В «Букбери» Гера сразу направился в кофейню и заказал себе, как и мечтал с утра, большую чашку каппучино двойной крепости. Пил его мелкими глотками, пьянел и вспоминал. Думал, допьет, побродит между полок, поглядит на корешки с обложками, потом уж спустится в букинистический подвал, чтобы и там вовсю повспоминать, но недовольный быстрый взгляд буфетчицы, убиравшей с пустых столиков посуду, смутил его. Буфетчица потягивала и поводила носом точно так, как тот, с мобильником, в метро, потягивал и поводил своим, и Гера, наконец, их понял: он давно толком не мылся, а тут еще и ночь в душном плацкартном вагоне… Не допив кофе и на книги даже не взглянув, он вышел на бульвар. Там он собрался было сразу ехать в Селезни, но не хотелось менять планы. Он привык париться в Селезневских банях по вечерам и ровно перед тем, как появиться на Лесной. Эту привычку Татьяна в нем любила, ведь всякий раз, придя из Селезней, он бывал столь убедительно расслабленным и радостным, что эта радостная расслабленность передавалась ей еще до первого прикосновения.
— В моем возрасте поздно менять привычки, — произнес он вслух подслушанную где-то у кого-то фразу и зашагал, хромая, в зоопарк.

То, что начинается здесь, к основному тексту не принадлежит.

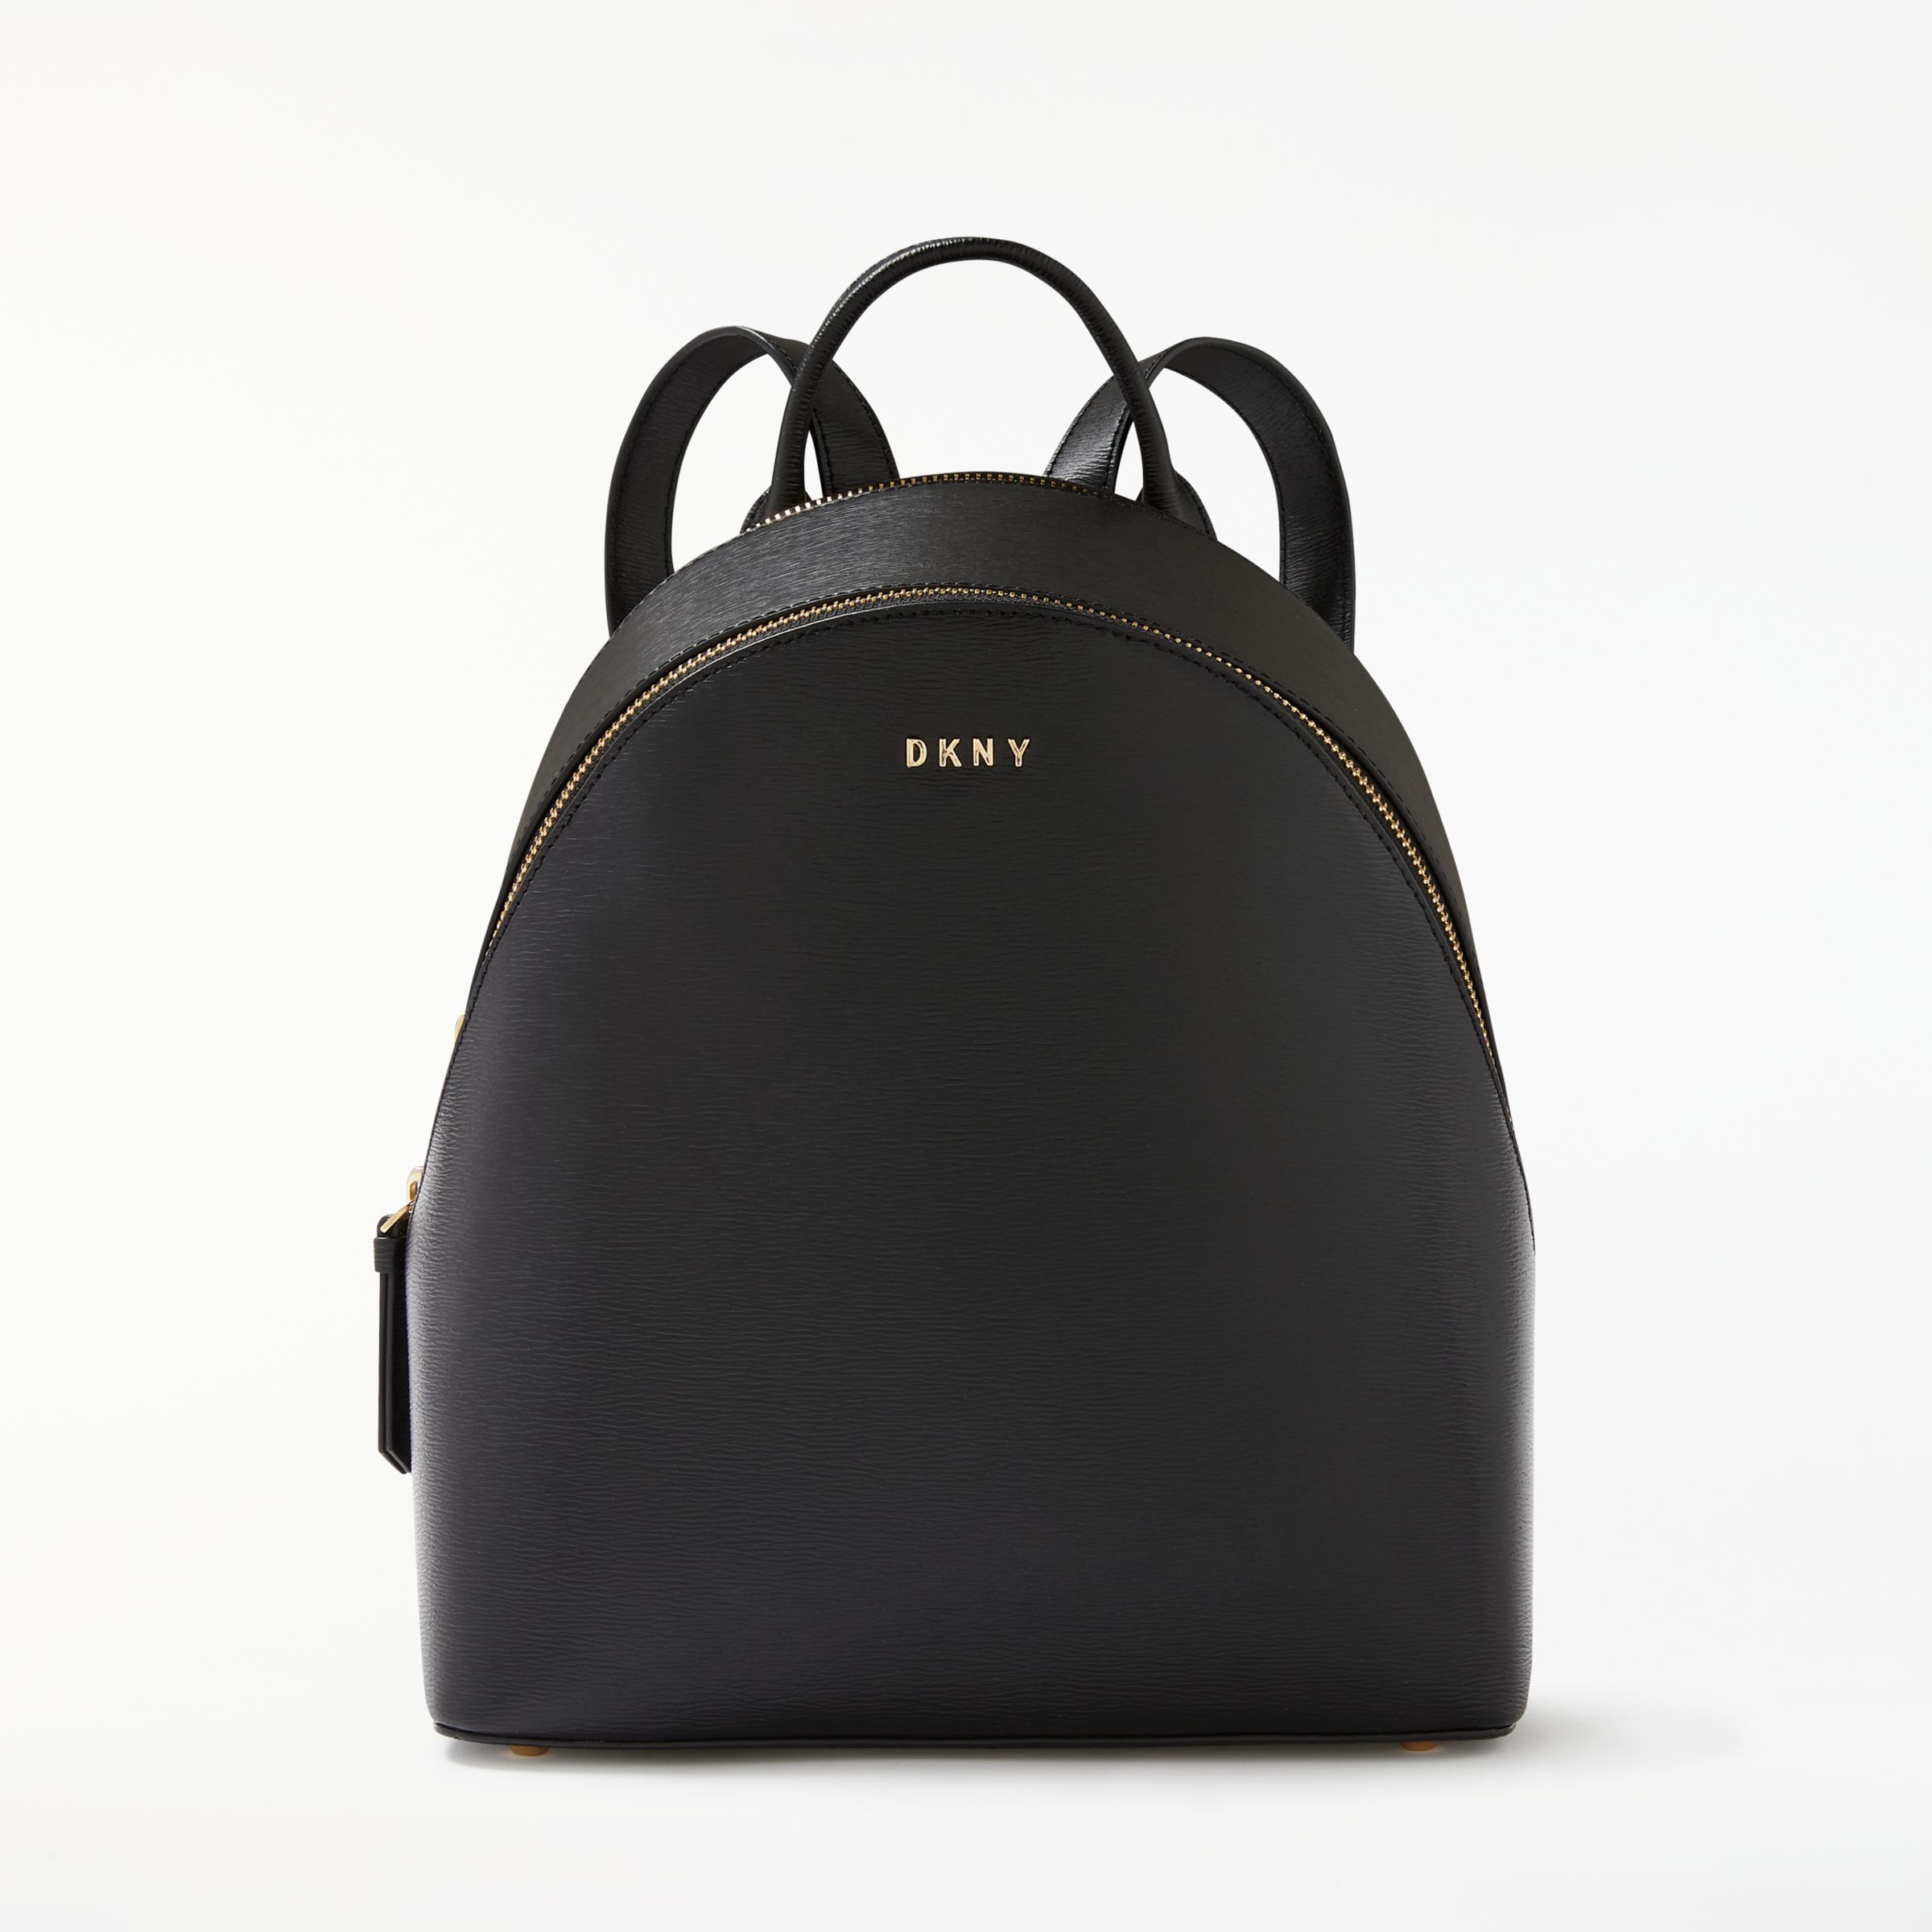 DKNY Sutton Textured Leather Medium Backpack, Black at John Lewis & Partners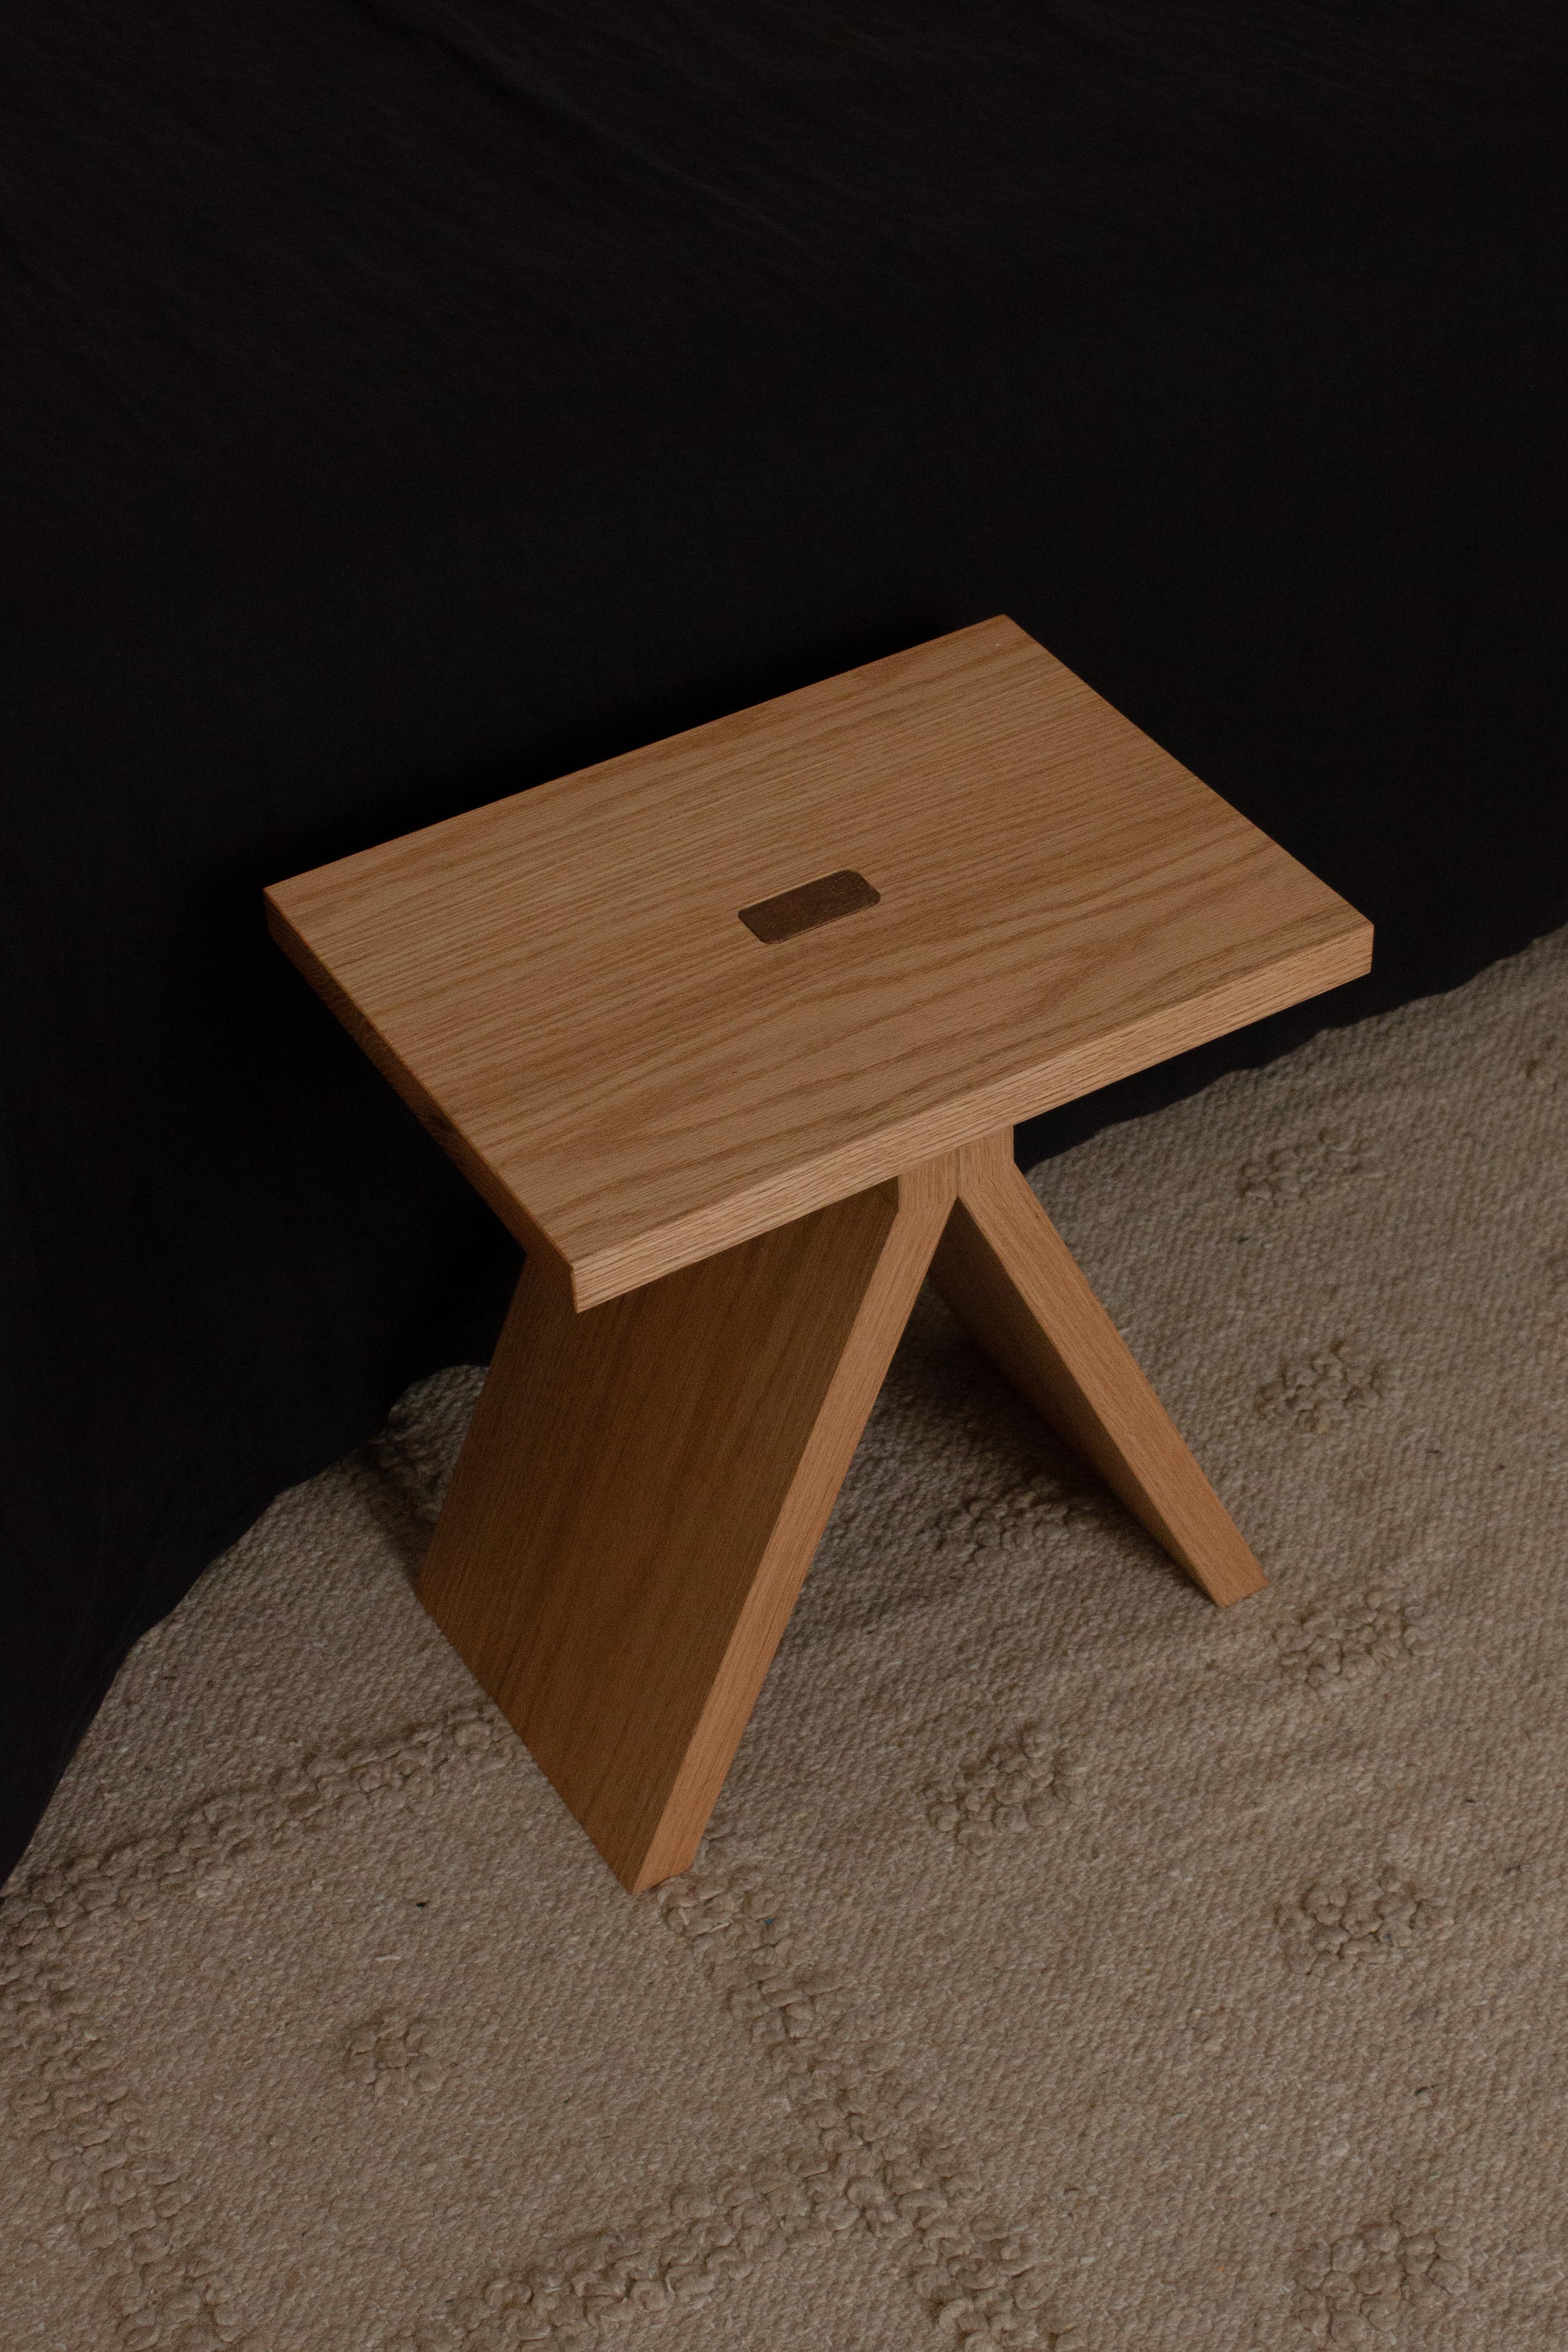 Mexican Minimal Wooden Stool

Он шел пешком, надеясь расходить больную ногу, и, одолев всю Малую Никитскую, уже настолько притерпелся к боли, что почти ее не замечал и даже перестал хромать; лишь встретив милиционера на углу Садового и Поварской, потом сойдясь лицом к лицу с военным патрулем в тени высотки на Восстания, он принимался вновь отчаянно хромать, — зато, счастливо разминувшись с милиционером, потом и с патрулем, мгновенно забывал о хромоте и дальше шел, пружиня шаг, пока не разглядел у кассы зоопарка еще один патруль. На этот раз не захромал и все же встал неподалеку, переминаясь с ноги на ногу и выжидая, но эти три солдата с повязками на рукавах, унылые и скованные, словно дети, которым не дают побегать, их офицер, скучающий и хмурый, — так никуда и не ушли, а лишь переместились к входной калитке, там встали сетью поперек потока посетителей, процеживая собой поток, и уловили-таки беспечного солдатика с мороженым. Отжали в сторону, и офицер сказал солдатику что-то вежливое. Тот уронил мороженое, полез в карман за документами…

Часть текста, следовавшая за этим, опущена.